=== Exercise details ===
Repeat exactly the lines from the start of the entries below through the line containing "Megaburgers | Cafetaria Anklaar". Omit the rest.

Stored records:
╔══

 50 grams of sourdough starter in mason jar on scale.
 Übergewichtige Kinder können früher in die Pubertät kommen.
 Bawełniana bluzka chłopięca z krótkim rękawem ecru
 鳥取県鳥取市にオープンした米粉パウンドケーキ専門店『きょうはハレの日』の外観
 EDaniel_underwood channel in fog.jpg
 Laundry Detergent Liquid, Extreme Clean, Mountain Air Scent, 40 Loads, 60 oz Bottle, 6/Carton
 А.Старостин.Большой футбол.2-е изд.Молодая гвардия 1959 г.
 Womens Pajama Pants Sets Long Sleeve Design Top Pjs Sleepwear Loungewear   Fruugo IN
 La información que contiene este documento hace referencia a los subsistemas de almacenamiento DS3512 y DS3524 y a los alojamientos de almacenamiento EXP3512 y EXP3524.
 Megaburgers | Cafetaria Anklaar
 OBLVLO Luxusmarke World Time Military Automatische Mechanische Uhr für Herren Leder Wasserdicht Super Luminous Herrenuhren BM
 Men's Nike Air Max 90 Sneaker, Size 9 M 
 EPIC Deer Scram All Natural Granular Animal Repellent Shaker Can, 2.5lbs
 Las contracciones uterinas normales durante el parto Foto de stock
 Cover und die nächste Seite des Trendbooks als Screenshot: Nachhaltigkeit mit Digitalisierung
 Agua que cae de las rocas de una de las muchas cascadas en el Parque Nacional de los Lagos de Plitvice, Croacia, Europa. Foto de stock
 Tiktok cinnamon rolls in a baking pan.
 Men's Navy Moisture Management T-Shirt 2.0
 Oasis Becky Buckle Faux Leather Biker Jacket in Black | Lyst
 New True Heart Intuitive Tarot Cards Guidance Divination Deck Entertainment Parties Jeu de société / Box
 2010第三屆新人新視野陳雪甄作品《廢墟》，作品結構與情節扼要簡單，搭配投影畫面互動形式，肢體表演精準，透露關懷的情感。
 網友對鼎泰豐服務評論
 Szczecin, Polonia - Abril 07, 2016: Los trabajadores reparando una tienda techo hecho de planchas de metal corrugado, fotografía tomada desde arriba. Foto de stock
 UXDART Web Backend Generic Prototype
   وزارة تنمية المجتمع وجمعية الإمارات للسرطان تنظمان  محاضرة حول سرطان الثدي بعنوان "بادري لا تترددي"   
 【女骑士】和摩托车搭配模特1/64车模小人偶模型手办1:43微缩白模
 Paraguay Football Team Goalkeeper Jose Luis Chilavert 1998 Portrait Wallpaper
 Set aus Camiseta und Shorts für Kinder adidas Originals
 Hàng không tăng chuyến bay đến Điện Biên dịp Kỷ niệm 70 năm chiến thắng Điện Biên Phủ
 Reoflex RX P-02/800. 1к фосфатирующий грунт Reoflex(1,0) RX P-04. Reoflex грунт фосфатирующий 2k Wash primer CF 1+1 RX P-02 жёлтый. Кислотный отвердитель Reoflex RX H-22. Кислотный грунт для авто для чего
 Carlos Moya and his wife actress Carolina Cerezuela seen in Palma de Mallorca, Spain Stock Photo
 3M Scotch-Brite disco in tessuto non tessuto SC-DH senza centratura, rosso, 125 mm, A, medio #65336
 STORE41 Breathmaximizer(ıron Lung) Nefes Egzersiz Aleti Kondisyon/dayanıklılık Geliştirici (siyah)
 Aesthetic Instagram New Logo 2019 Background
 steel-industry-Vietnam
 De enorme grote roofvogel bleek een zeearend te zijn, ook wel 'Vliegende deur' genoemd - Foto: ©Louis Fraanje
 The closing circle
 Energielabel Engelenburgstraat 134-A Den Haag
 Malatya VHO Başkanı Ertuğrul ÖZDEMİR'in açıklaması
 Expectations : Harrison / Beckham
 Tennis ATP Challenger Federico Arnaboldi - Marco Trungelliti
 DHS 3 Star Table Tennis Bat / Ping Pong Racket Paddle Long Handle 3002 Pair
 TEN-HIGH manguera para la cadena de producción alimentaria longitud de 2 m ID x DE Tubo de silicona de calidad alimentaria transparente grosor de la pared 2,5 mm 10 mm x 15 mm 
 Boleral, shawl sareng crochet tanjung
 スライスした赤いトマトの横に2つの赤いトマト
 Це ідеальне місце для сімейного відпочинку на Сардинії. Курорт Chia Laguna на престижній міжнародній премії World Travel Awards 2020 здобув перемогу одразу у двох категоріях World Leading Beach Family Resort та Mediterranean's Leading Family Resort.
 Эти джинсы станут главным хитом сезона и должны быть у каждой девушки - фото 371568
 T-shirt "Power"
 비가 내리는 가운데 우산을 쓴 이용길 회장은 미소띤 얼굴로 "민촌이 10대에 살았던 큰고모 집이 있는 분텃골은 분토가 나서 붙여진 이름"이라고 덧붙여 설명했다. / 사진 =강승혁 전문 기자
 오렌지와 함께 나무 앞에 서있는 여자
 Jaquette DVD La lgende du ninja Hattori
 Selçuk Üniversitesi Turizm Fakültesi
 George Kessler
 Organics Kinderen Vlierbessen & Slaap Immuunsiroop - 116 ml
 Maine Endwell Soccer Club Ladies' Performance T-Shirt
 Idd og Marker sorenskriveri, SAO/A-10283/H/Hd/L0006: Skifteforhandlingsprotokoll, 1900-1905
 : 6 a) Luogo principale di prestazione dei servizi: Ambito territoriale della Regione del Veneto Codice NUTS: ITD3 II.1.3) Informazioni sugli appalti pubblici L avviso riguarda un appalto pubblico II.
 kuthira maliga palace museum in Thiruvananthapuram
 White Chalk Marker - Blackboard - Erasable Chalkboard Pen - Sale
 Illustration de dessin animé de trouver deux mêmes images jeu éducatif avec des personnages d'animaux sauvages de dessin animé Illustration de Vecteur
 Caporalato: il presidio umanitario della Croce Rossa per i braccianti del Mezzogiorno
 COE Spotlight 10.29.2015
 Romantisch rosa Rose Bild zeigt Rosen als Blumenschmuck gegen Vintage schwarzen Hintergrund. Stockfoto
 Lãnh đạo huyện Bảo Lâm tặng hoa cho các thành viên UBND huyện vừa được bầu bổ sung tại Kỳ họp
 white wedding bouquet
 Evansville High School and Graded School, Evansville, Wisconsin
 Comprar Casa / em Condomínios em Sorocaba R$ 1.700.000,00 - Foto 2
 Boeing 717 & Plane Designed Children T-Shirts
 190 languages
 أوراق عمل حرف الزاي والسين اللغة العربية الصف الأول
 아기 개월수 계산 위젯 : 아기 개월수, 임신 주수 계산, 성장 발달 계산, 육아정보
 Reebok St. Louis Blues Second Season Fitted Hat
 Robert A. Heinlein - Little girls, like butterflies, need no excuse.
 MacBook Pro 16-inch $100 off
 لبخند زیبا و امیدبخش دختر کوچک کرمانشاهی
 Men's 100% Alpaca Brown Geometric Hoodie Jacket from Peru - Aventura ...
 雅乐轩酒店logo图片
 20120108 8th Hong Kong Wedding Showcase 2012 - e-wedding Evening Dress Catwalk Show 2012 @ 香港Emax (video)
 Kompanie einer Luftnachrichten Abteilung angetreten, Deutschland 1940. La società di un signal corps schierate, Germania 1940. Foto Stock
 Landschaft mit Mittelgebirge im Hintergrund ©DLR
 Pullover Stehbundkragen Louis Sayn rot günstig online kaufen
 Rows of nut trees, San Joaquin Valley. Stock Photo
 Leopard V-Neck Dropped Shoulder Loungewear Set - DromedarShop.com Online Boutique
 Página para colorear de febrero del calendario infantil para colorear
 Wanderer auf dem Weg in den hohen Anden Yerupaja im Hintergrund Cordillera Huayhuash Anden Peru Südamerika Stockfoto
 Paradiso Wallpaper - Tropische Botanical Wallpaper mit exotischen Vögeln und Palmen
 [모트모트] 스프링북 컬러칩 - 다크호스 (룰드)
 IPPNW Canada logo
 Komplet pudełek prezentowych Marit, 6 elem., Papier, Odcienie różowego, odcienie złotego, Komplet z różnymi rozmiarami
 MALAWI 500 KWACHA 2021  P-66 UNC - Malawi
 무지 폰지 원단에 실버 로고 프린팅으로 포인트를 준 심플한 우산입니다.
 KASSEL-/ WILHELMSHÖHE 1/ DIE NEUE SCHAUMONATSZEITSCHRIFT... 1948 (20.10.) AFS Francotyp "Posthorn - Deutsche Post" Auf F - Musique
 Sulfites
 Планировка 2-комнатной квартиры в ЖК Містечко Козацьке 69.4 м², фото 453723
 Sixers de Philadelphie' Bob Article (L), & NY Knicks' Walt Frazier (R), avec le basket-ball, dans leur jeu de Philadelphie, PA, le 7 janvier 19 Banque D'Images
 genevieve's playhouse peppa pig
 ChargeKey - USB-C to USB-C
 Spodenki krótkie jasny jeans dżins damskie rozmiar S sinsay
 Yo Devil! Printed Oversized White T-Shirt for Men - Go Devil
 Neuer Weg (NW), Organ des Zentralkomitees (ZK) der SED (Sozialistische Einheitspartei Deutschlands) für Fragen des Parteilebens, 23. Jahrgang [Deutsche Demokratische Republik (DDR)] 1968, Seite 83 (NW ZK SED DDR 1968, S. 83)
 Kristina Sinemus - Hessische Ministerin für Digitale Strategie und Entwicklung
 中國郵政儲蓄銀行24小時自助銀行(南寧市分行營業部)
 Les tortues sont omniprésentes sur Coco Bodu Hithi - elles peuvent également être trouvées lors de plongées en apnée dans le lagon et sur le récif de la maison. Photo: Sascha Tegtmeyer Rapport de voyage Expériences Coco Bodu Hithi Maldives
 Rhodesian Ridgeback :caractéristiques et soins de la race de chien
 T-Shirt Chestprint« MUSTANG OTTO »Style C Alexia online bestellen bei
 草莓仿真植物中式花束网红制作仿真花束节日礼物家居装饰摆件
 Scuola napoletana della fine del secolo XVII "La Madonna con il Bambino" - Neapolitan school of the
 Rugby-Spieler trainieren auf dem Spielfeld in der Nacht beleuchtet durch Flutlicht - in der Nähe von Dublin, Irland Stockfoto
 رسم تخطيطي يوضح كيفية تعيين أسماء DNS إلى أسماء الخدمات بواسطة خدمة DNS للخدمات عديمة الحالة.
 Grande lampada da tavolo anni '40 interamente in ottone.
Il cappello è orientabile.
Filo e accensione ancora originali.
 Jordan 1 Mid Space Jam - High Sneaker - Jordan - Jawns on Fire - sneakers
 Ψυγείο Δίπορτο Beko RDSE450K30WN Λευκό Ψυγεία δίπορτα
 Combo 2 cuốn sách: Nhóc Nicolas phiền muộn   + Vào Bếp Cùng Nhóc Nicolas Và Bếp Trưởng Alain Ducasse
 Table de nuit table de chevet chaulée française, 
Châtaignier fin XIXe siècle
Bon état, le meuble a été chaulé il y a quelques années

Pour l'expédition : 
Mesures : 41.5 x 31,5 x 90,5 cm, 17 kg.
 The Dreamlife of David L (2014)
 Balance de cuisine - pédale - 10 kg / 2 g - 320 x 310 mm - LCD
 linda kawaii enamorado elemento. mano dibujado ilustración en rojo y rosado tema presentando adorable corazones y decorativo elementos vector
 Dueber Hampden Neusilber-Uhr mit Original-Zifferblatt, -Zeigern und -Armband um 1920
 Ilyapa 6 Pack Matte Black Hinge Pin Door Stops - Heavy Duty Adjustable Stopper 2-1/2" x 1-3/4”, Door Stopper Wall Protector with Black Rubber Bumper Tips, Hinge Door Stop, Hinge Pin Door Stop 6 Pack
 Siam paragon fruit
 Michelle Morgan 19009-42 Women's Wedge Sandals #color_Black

╚══

=== Result ===
 50 grams of sourdough starter in mason jar on scale.
 Übergewichtige Kinder können früher in die Pubertät kommen.
 Bawełniana bluzka chłopięca z krótkim rękawem ecru
 鳥取県鳥取市にオープンした米粉パウンドケーキ専門店『きょうはハレの日』の外観
 EDaniel_underwood channel in fog.jpg
 Laundry Detergent Liquid, Extreme Clean, Mountain Air Scent, 40 Loads, 60 oz Bottle, 6/Carton
 А.Старостин.Большой футбол.2-е изд.Молодая гвардия 1959 г.
 Womens Pajama Pants Sets Long Sleeve Design Top Pjs Sleepwear Loungewear   Fruugo IN
 La información que contiene este documento hace referencia a los subsistemas de almacenamiento DS3512 y DS3524 y a los alojamientos de almacenamiento EXP3512 y EXP3524.
 Megaburgers | Cafetaria Anklaar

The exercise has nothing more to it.